The problem - Would you copy only the lines below, from the one containing "Bond Proposition C Banner" through the very last one, leaving the pictures out?

Input data -
◇ ◇ ◇ ◇ ◇

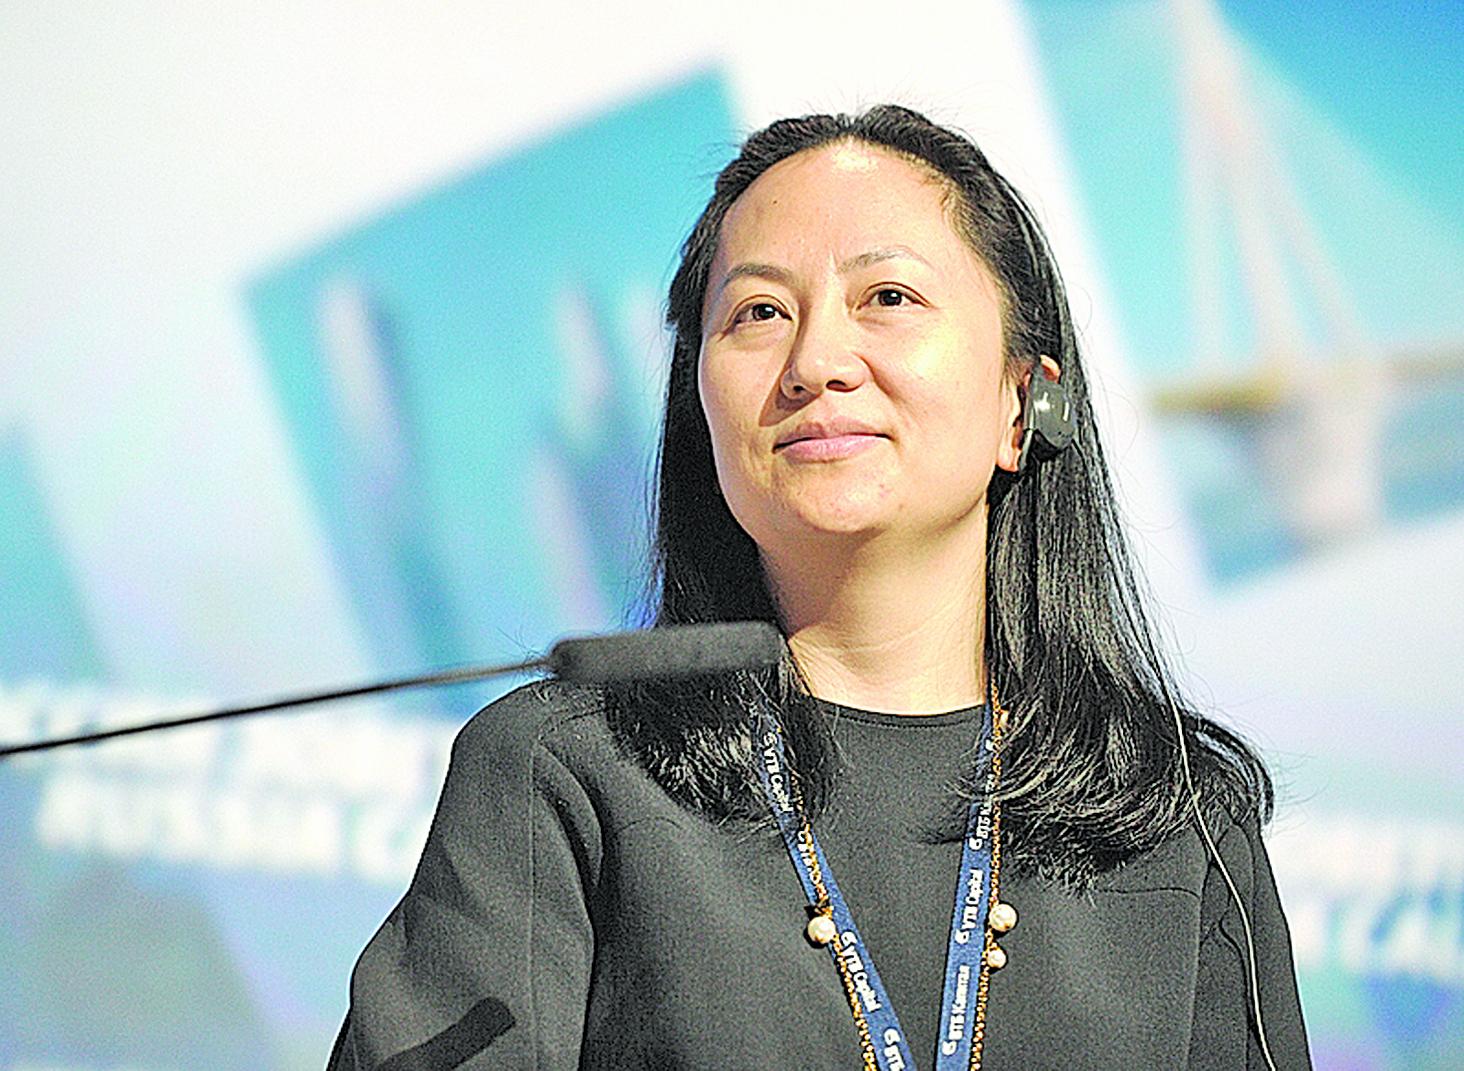 華為副董事兼首席財務官(CFO)孟晚舟,於5日晚間傳出在加拿大被捕。(大紀元資料室)
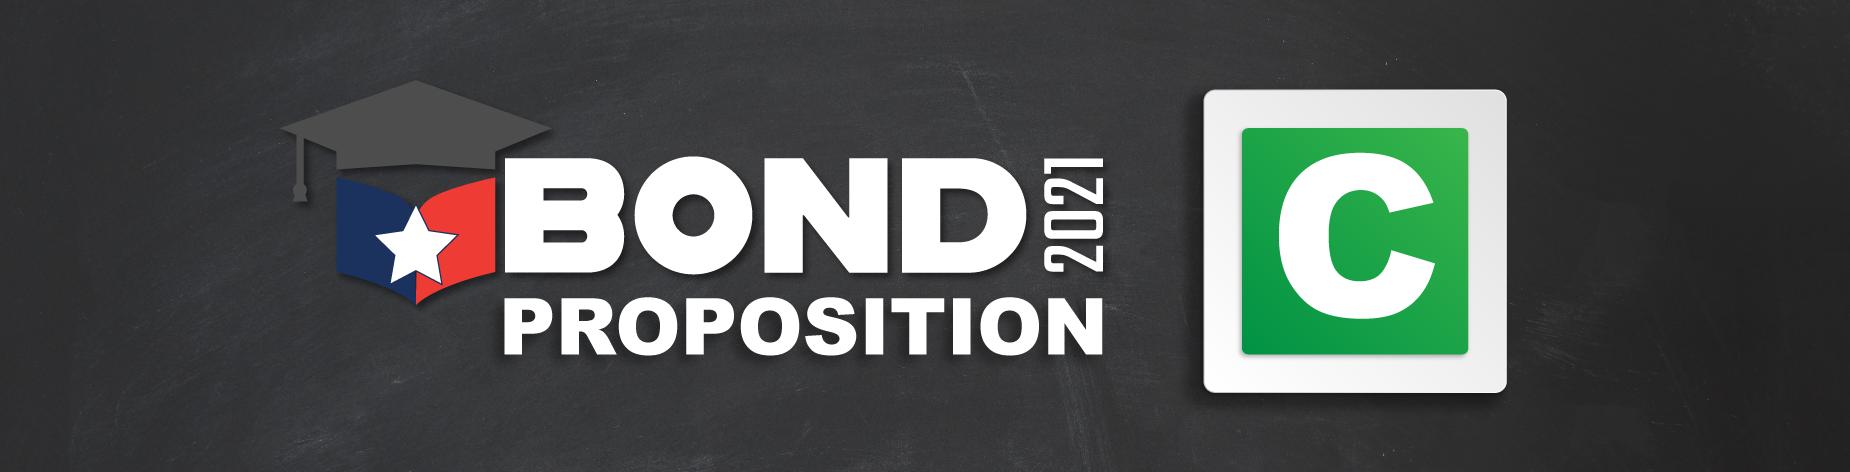 Bond Proposition C Banner
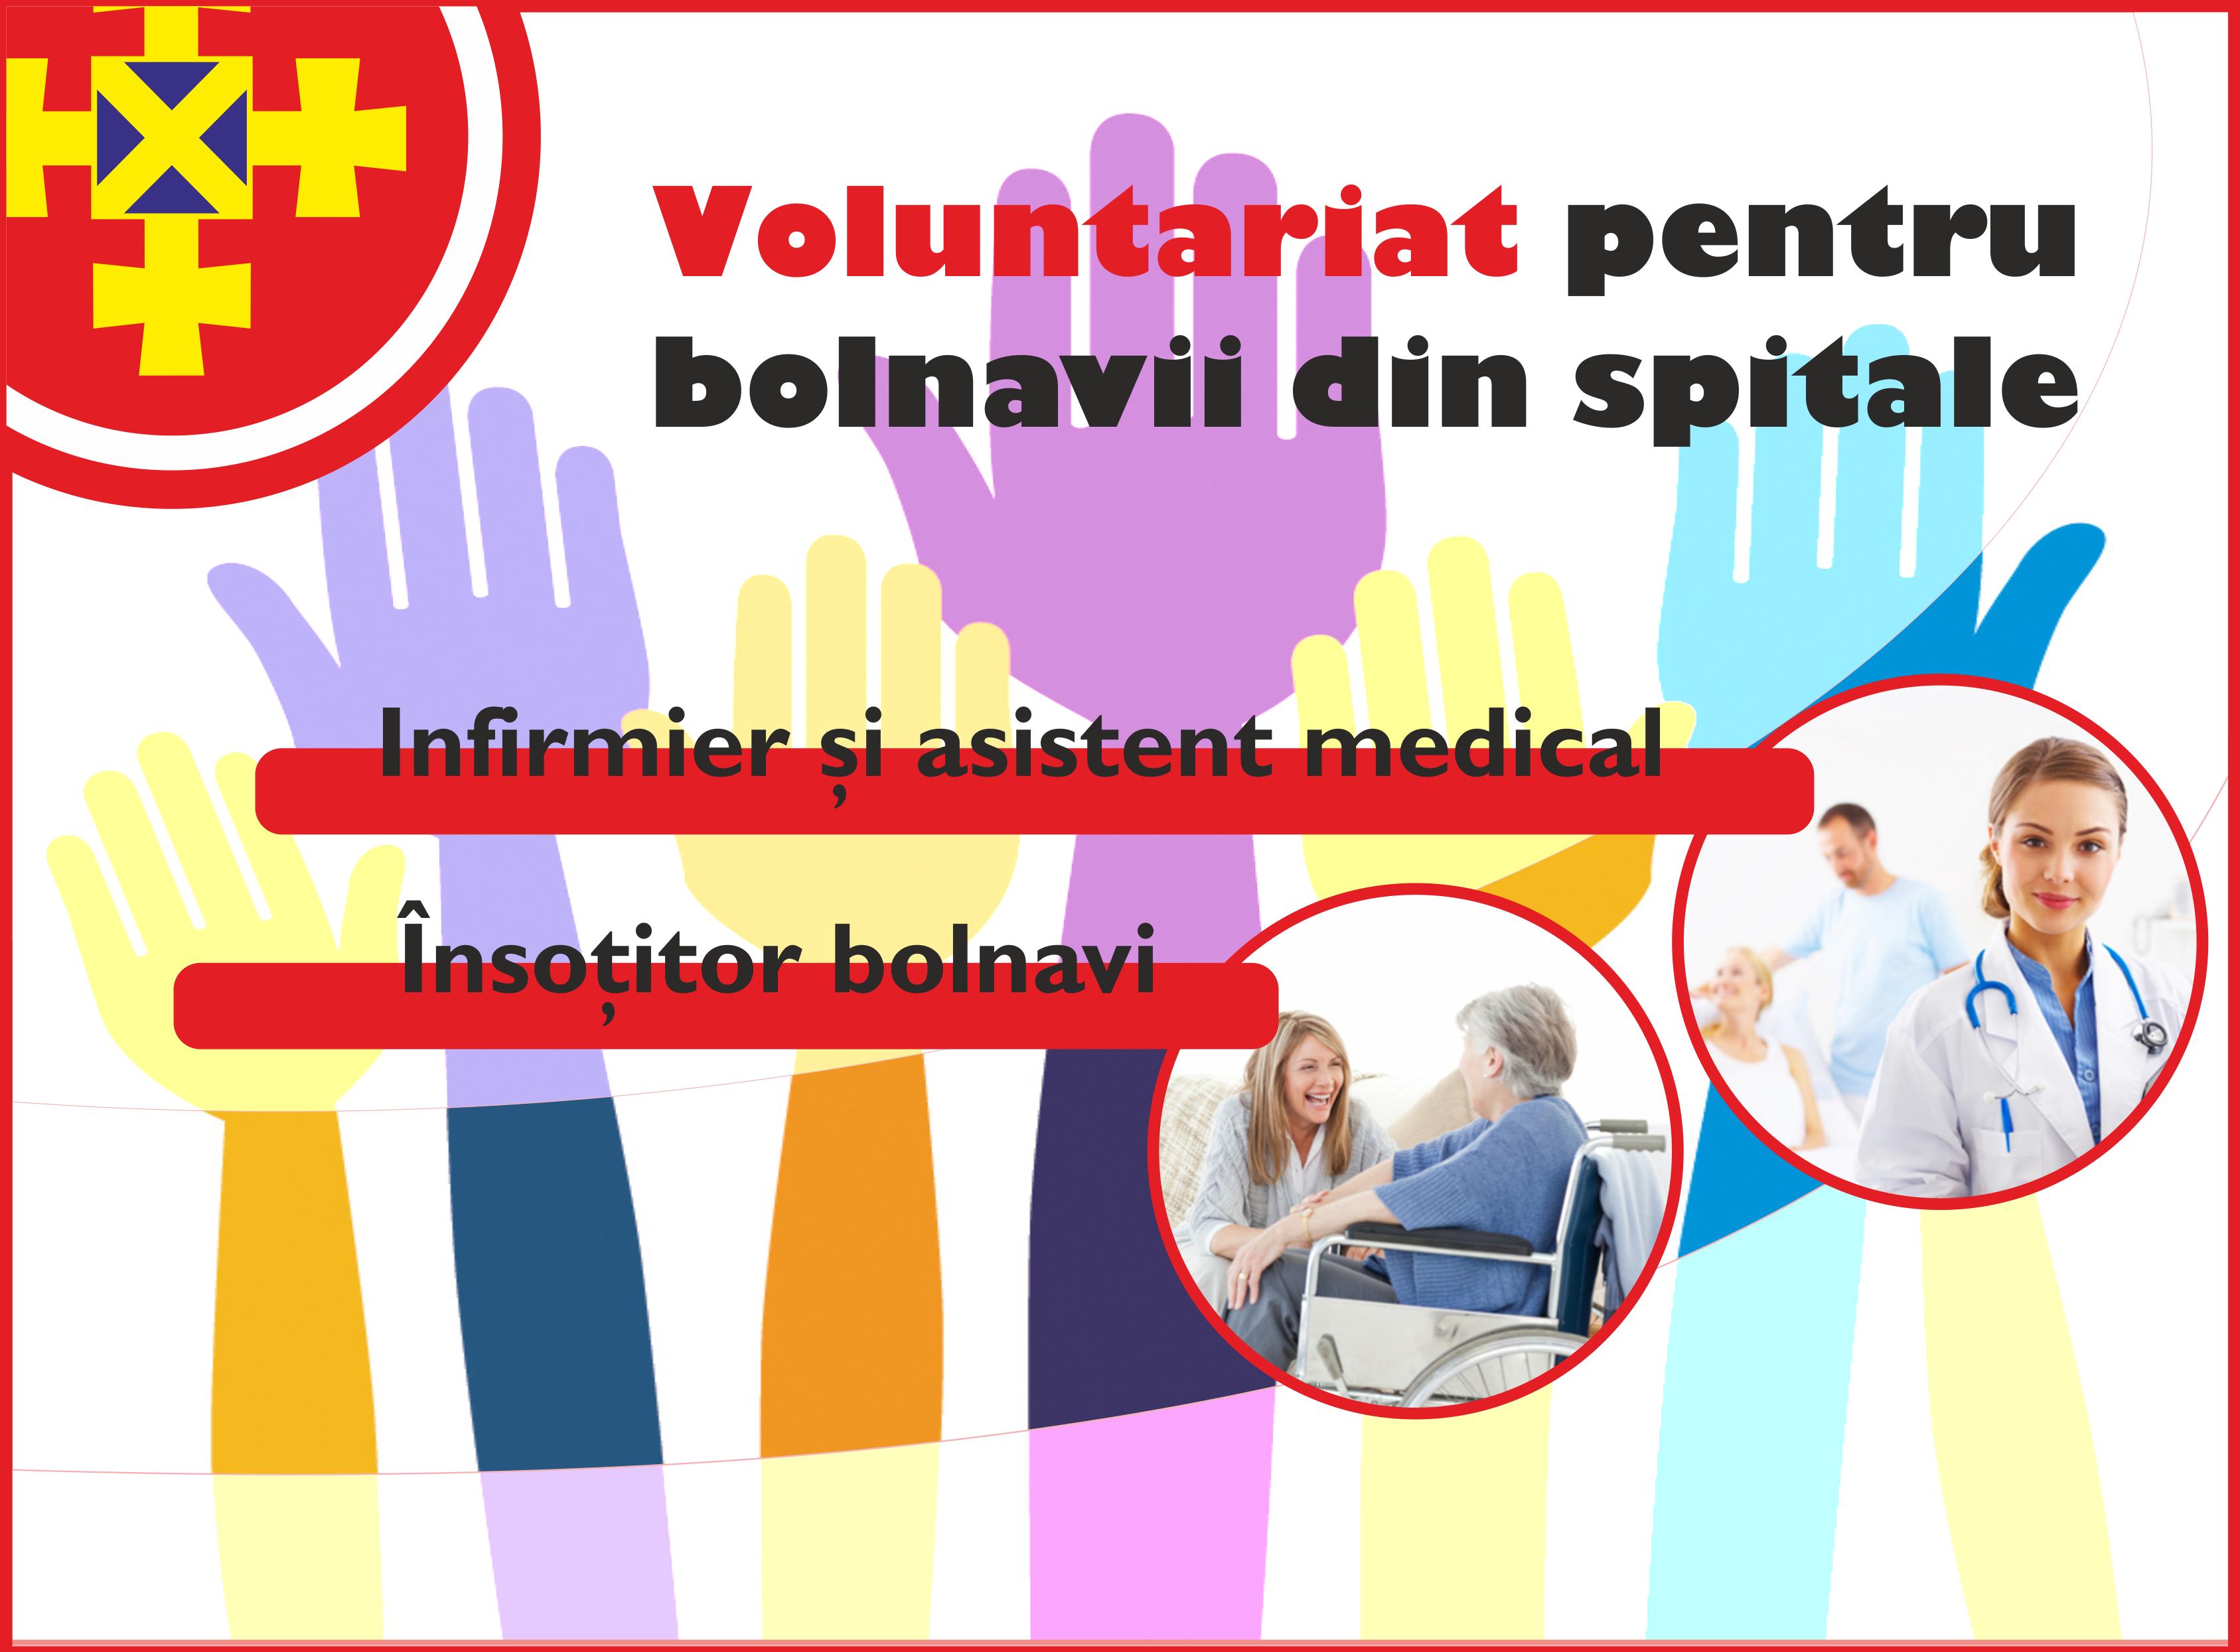 Înrolează-te ca voluntar pentru bolnavi

◇ ◇ ◇ ◇ ◇

Task answer -
 Bond Proposition C Banner
 Înrolează-te ca voluntar pentru bolnavi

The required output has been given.